When I was walking around yesterday, it was clear that the Grebes were feeding in this part of the lake and I felt it would be a good starting point.
I flicked the Deeper out to try and locate the baitfish and they were pretty abundant. They were in a couple of cast-able spots, however, the trees were overhanging the swims, so this made a couple of them unfishable. I found a suitable one to fish and would give it a couple of hours then move on.
With no action, I moved on to my second area. I’ve decided that I will try and cover another area before going, then return tomorrow and fish the other end of the lake. I’m able to use live bait, so if I can get myself sorted, I will come kitted out to catch some tomorrow. Oddly, I feel the best area for that is where I started this morning as there was a lot of fry in the margins. I was surprised by the lack of action, but these things happen and that’s the joy of fishing.
After walking right down to the far end and not finding very much to shout about, I find myself back in the first swim I started in! There was way more baitfish out here and I will spend the next 2 hours here in the hope of a pickup.
With not a knock or bleep its time to head home.
Location – Waterworks Lake
Hours Fished – 5rs
I’m back out after the Pike again and hopefully, I will be out for a couple of trips next week. The conditions are a bit better – other than the wind. I’ve been trying to catch some live bait, but with the restricted casting from the tree in my swim, it’s been problematic.
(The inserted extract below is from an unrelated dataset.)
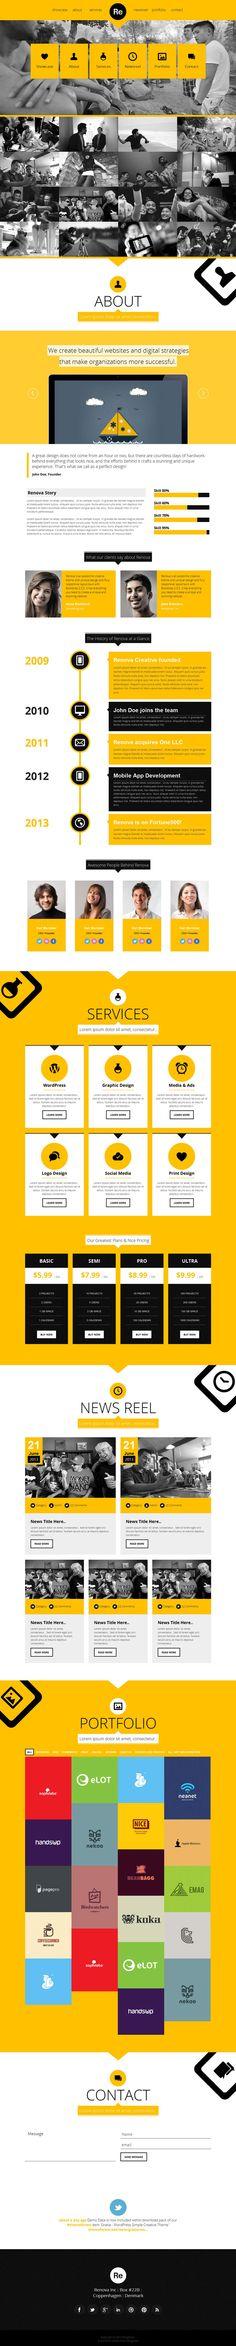 renova-one-page-responsive-portfolio - http://goo.gl/pUL3ZZ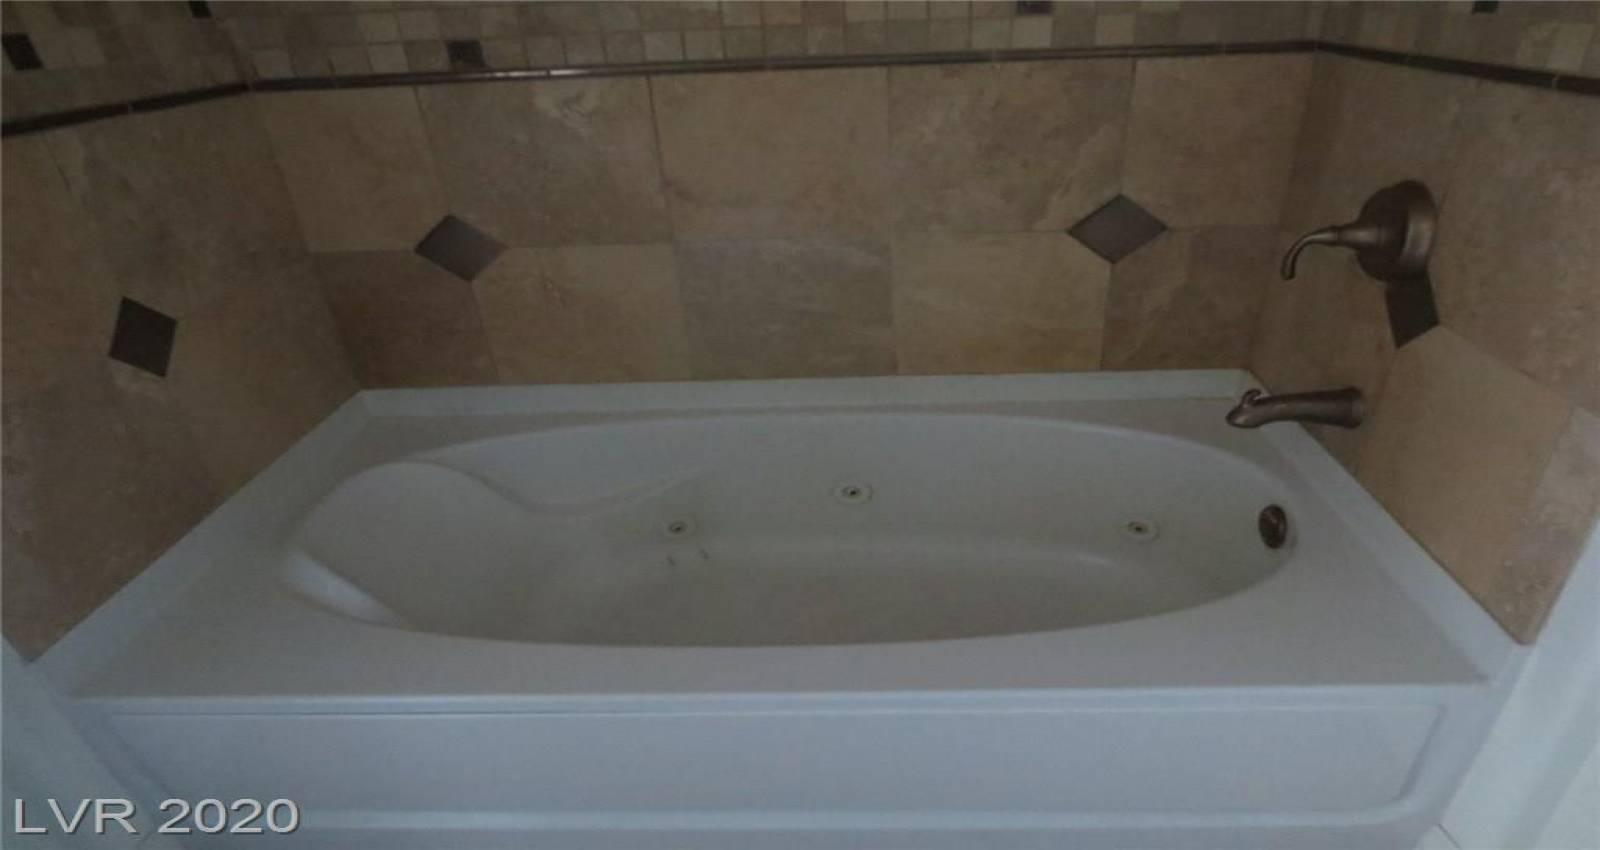 8255 LAS VEGAS Boulevard, Las Vegas, Nevada 89123, 1 Bedroom Bedrooms, 4 Rooms Rooms,1 BathroomBathrooms,Residential Rental,For Rent,LAS VEGAS,2173491

I’ve come to the same area and put the Deeper out for good measure. Yep, the baitfish are still about and hopefully with some Pike mixed in. I’m sure it’s not going to be that simple unless I catch the live bait, the Pike are less likely to pick up a dead bait when there is an abundance of fresh food.
I’ve moved along to the right, from yesterday’s swim, otherwise, the wind would be in my face and making casting harder. Plus I feel I’m in a better area and today I will be sitting this one out in the same spot.
I’ve nearly come to the end of my session today, unfortunately not a bleep again and any signs of Pike. We will keep on trying, it’s probably just one day next week, but we shall see.
Location – Meadow Lake
Hours Fished – 38hrs
I arrived down the lake at 1830 and it was completely dark, I always like to drive around the lake to see if anyone is about. To my amazement, there were 5 other anglers already set up, this left me with not a lot of choices, so after 3 laps around the lake and a lot of thought. I was also very happy that I always leave my waders in the car, I have probably not used them for over 4 years, but you never know when you will and tonight’s the night! I very nearly set up on the smaller lake, but I finally decided that if I had no choice but to use the waders, which to be honest are a bit of a pain, I should at least be in a swim which gives me access to the area I feel the carp are in. After 2 barrow trips through the mud and a lot of effort, I was all set up – some 2 1/2 hours after arriving here. I did feel very confident and happy with the location of my baits for the first of two nights fishing.
Overnight I had a few liners but heard no signs if Carp crashing about, it was going to be another of those Winter grey days, but with the wind changing around to the Southwest and the pressure dropping slowly, I could be in with a chance.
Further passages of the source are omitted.